• _Description of the task_: Look below for the line with "arcelormittal-orbit-london-olympic-park"; begin the copy there and stop after the line with "Size S - New", keeping the text exact and the pictures out.

• _Records provided_:
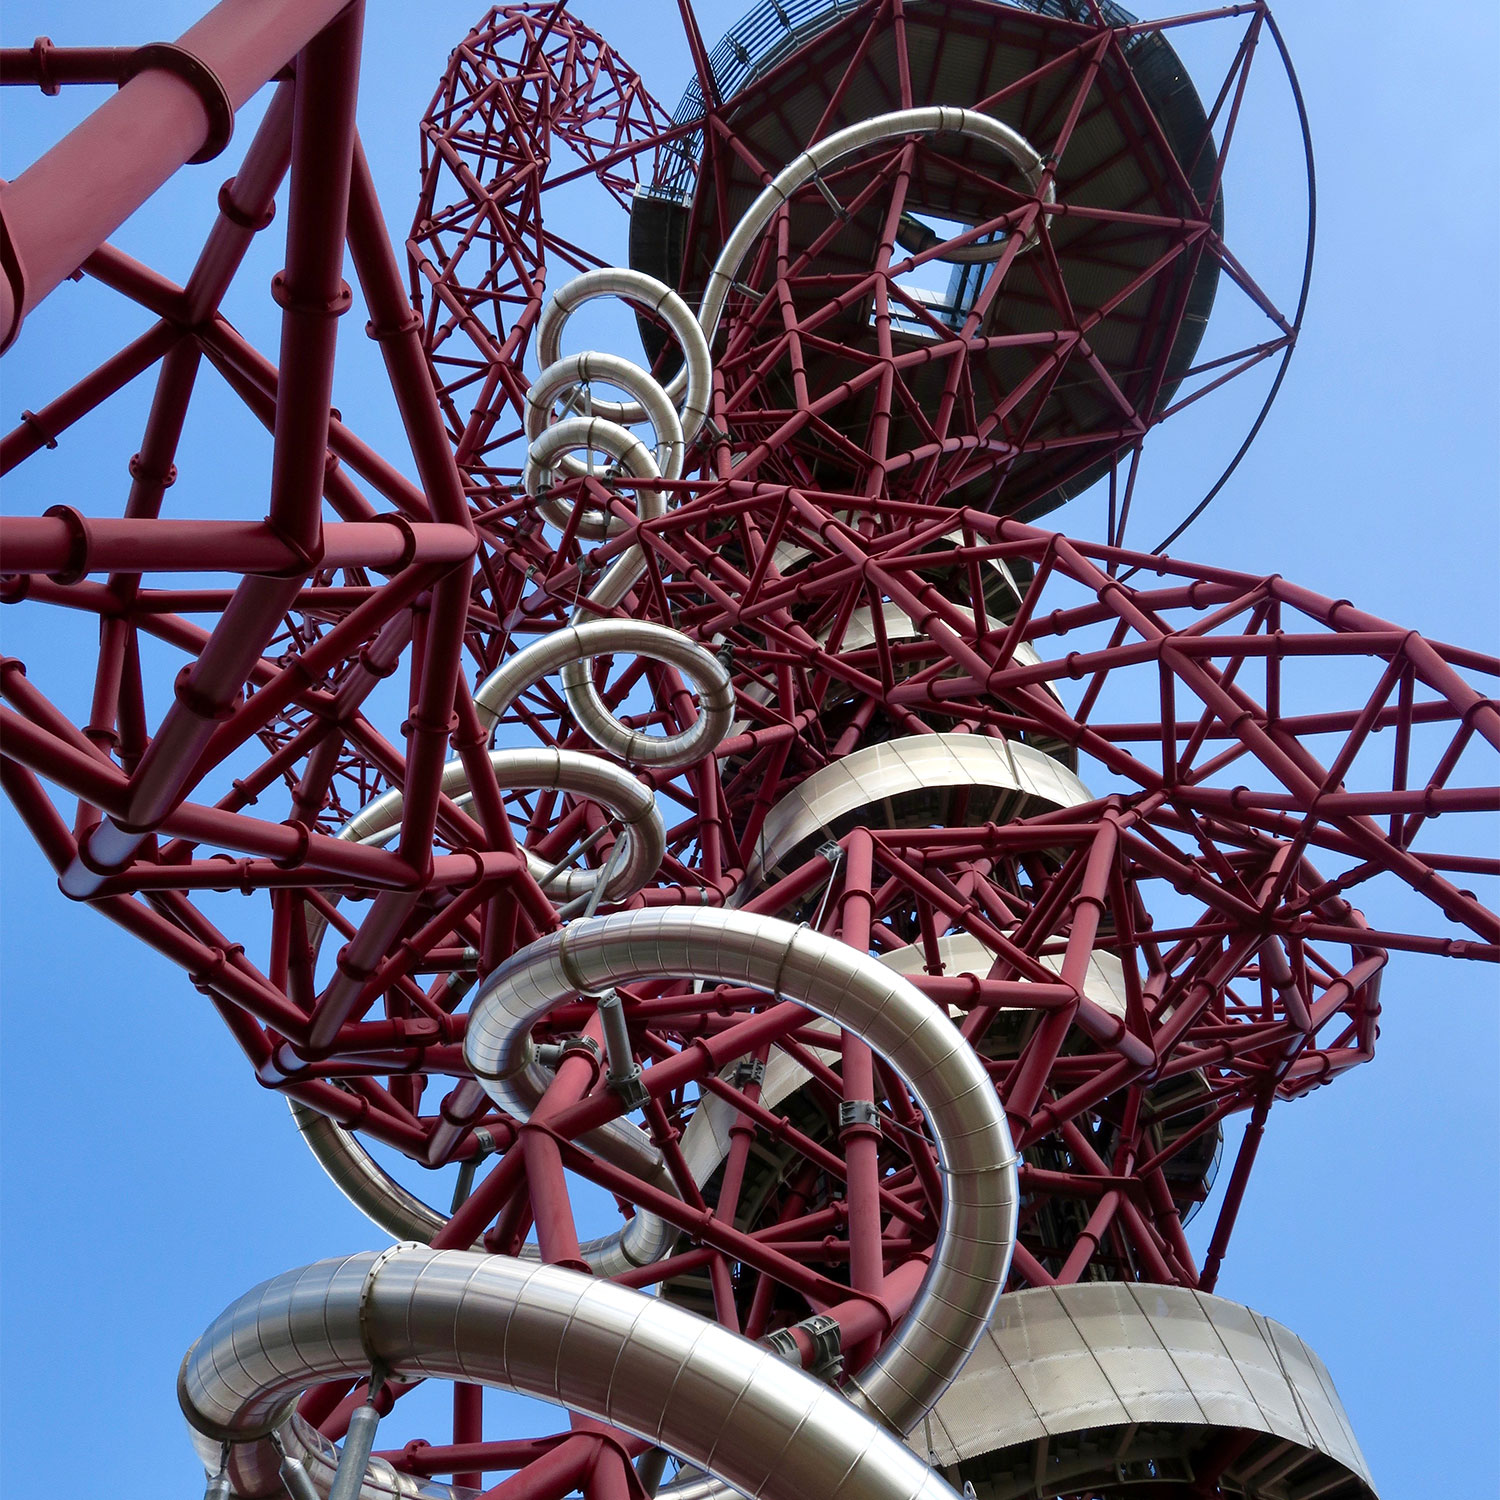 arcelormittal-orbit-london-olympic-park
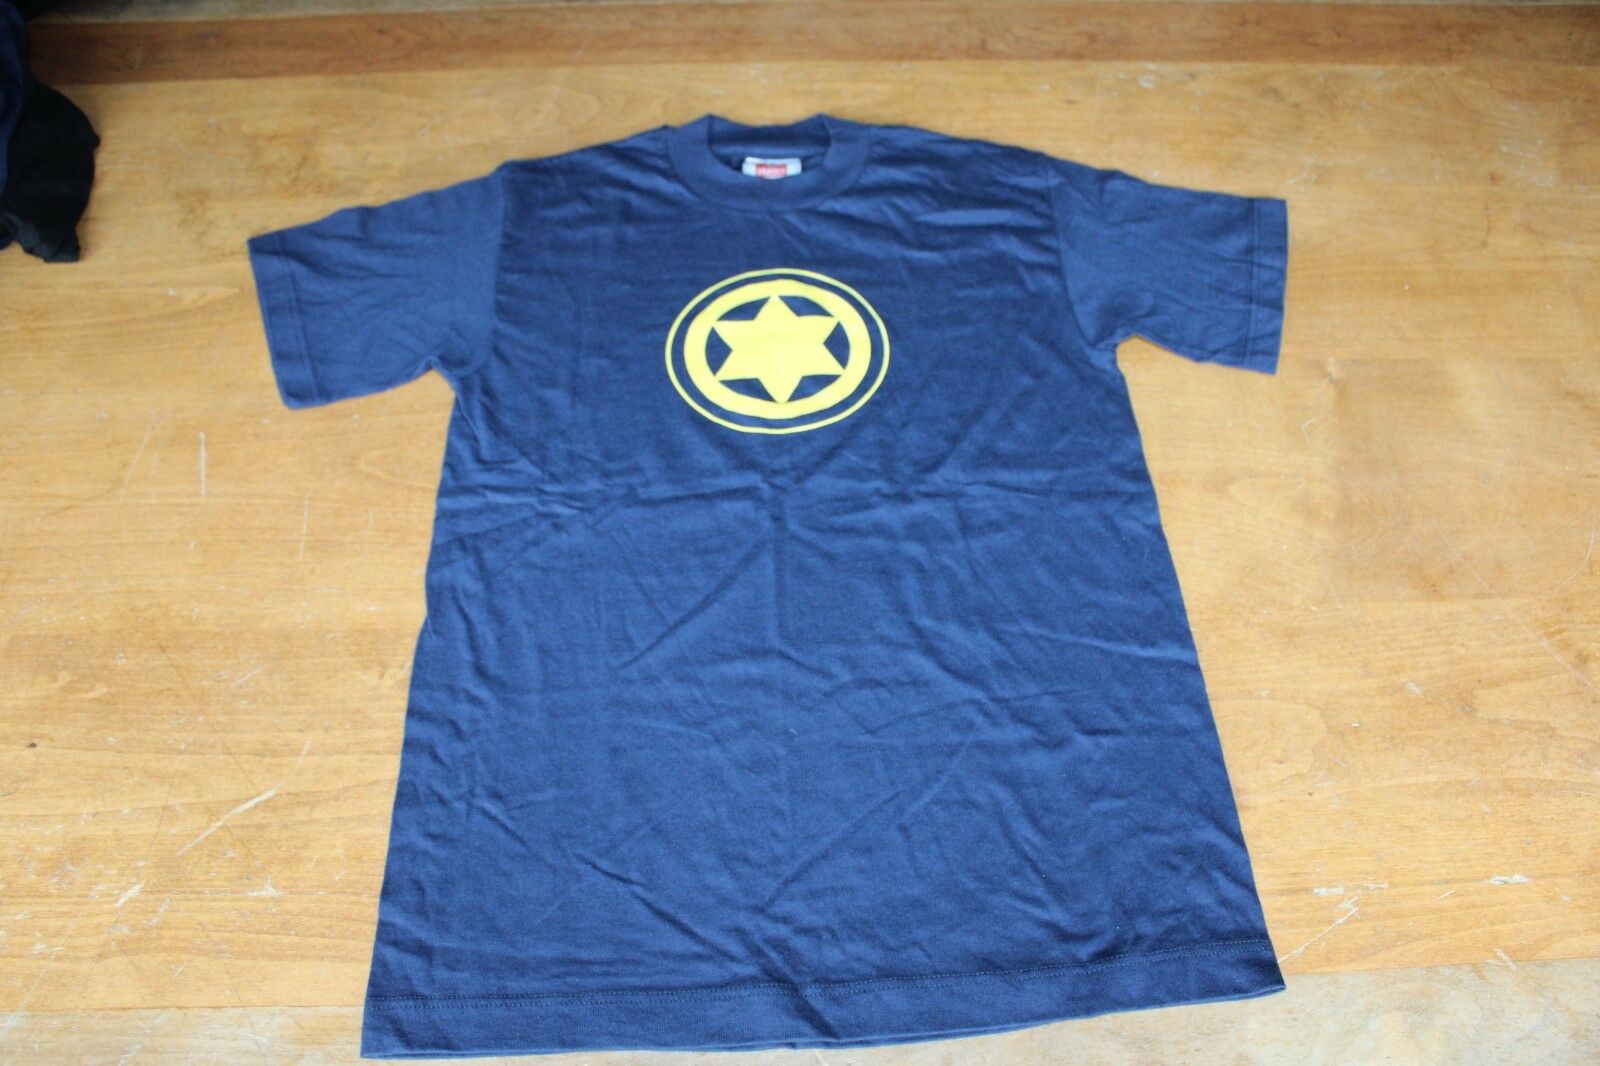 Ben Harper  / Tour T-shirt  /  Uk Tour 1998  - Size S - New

---

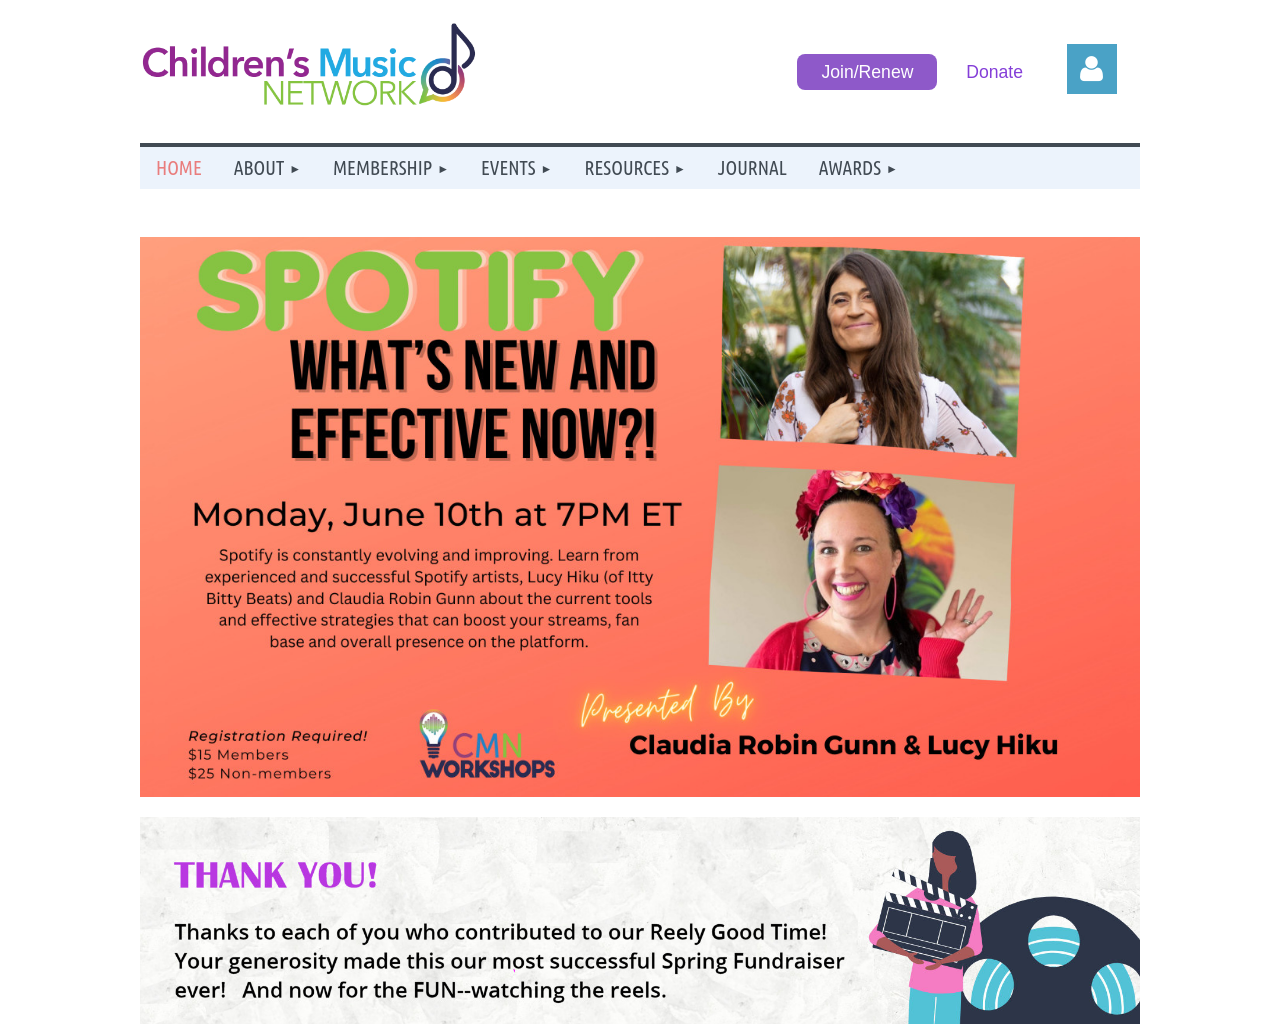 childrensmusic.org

• _Task result_:
 arcelormittal-orbit-london-olympic-park
 Ben Harper  / Tour T-shirt  /  Uk Tour 1998  - Size S - New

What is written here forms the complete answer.